Guardé silencio estos días sobre las turbulencias de la Argentina porque, para ser sincero, no podía creer lo que estaba pasando. Todavía no lo creo del todo. Quizás cometí el error de pensar que habíamos salido del infierno de manera definitiva. Ahora siento que el infierno nos reservaba (cuanto menos) un zarpazo más, que el pasado asoma con la intención de cobrarse deudas impagas. Qué quieren que les diga: estoy preocupado.

En lo que hace al conflicto puntual... Supongamos por un momento que la oposición tiene razón y que el gobierno de Cristina Kirchner se equivocó en todo: en el establecimiento de retenciones a la renta extraordinaria del campo, en el tono de sus discursos, en la negativa a dar marcha atrás con el impuesto. Aun en ese caso, ¿podríamos considerar que la protesta es adecuada a la medida oficial? La respuesta es clara e inequívoca: no, no, no. Tal como se la lleva adelante, la protesta del campo es salvaje, desproporcionada y potencialmente criminal. Aunque al hombre que murió en la ambulancia que los piquetes frenaron ya no le quede potencia alguna, más que la de fertilizar la misma tierra que constituyó excusa para su homicidio.

Hablamos de un sector productivo que en buena medida -en especial los peces gordos- no discute otra cosa que su margen de ganancia. Existirán productores menores que quizás estén debatiendo su supervivencia en el rubro, pero estos casos, por numerosos y urgentes que pudiesen ser, tampoco justificarían la modalidad de la protesta. Esta gente está tratando de paralizar la circulación de un país entero, impidiendo la distribución de alimentos, promoviendo una inflación suicida (lo poco que hay en los supermercados sale más caro que antes del paro) y disponiendo de propiedad privada ajena, en la medida en que se apoderan de facto de los camiones que quedan bloqueados en las rutas. Las agrupaciones del campo, que acusan a la política oficial de confiscatoria, responden confiscando camiones y mercaderías que no les pertenecen. La leche vertida en los caminos, las verduras y frutas podridas, los pollitos ahogados en tanques de agua por falta de grano para alimentarlos, constituyen un ultraje para el mundo en general y también para este país, donde más allá de la abundancia natural -y es aquí, precisamente, donde entra a cuento la cuestión de la redistribución de ingresos sobre la que machaca la Presidenta- el hambre sigue siendo una realidad imperdonable. La imagen de los mismos que impiden a la población el consumo de carne comiéndose un asado a la vera del camino es una bofetada en el rostro de los que sólo ven carne por TV.

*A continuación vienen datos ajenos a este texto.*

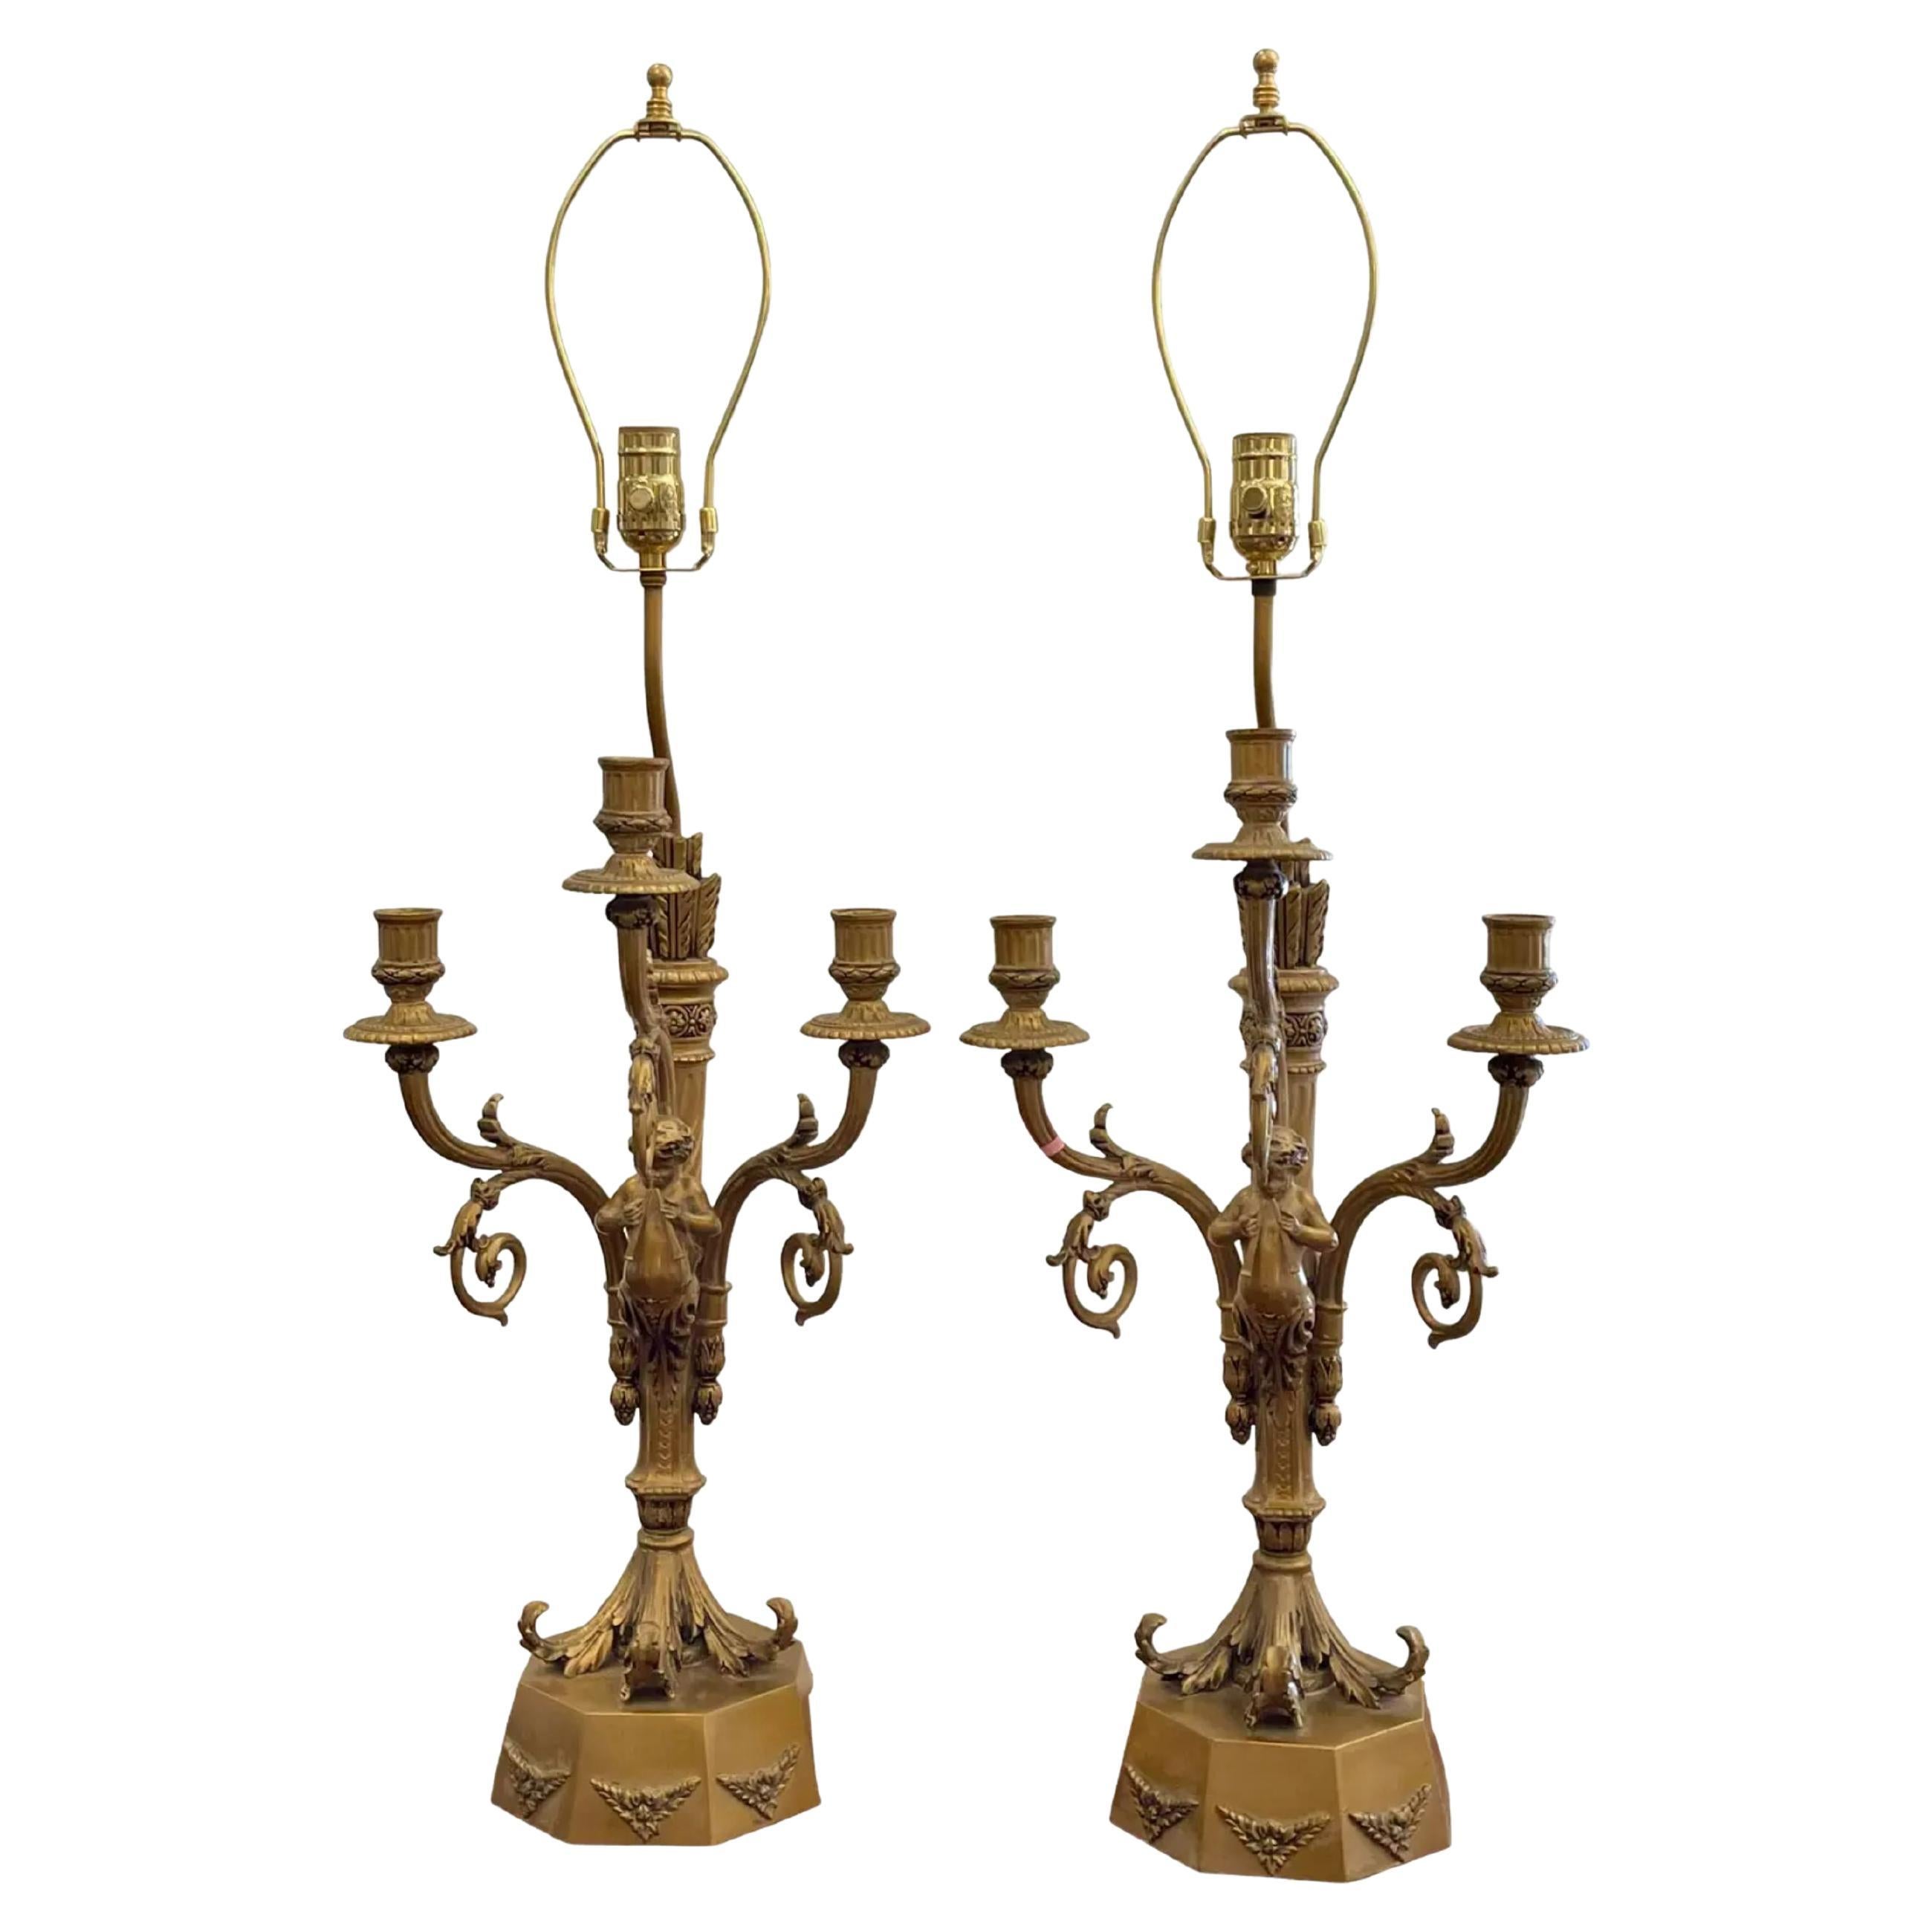 Pair of Hollywood Regency Candelabra Lamps with Trumpet Playing Putti

Todo ciudadano tiene derecho a manifestarse públicamente, siempre y cuando no incurra en delito o vulnere los derechos de otros en el proceso. Según este principio inalienable, la protesta del campo ha incurrido e incurre en prácticas ilegales. Y sin embargo el gobierno no los reprime ni los mete presos. A veces pienso que lo mejor sería que hiciese cumplir la ley, pero de inmediato me viene a la cabeza la historia violenta de este país y agradezco que el gobierno decline usar la fuerza que su autoridad le confiere. Que todavía no haya habido más muertos que el pobre hombre de la ambulancia (no puedo dejar de preguntármelo: ¿hubiese debilitado la protesta cederle el paso?) está apenas por debajo de la noción del milagro.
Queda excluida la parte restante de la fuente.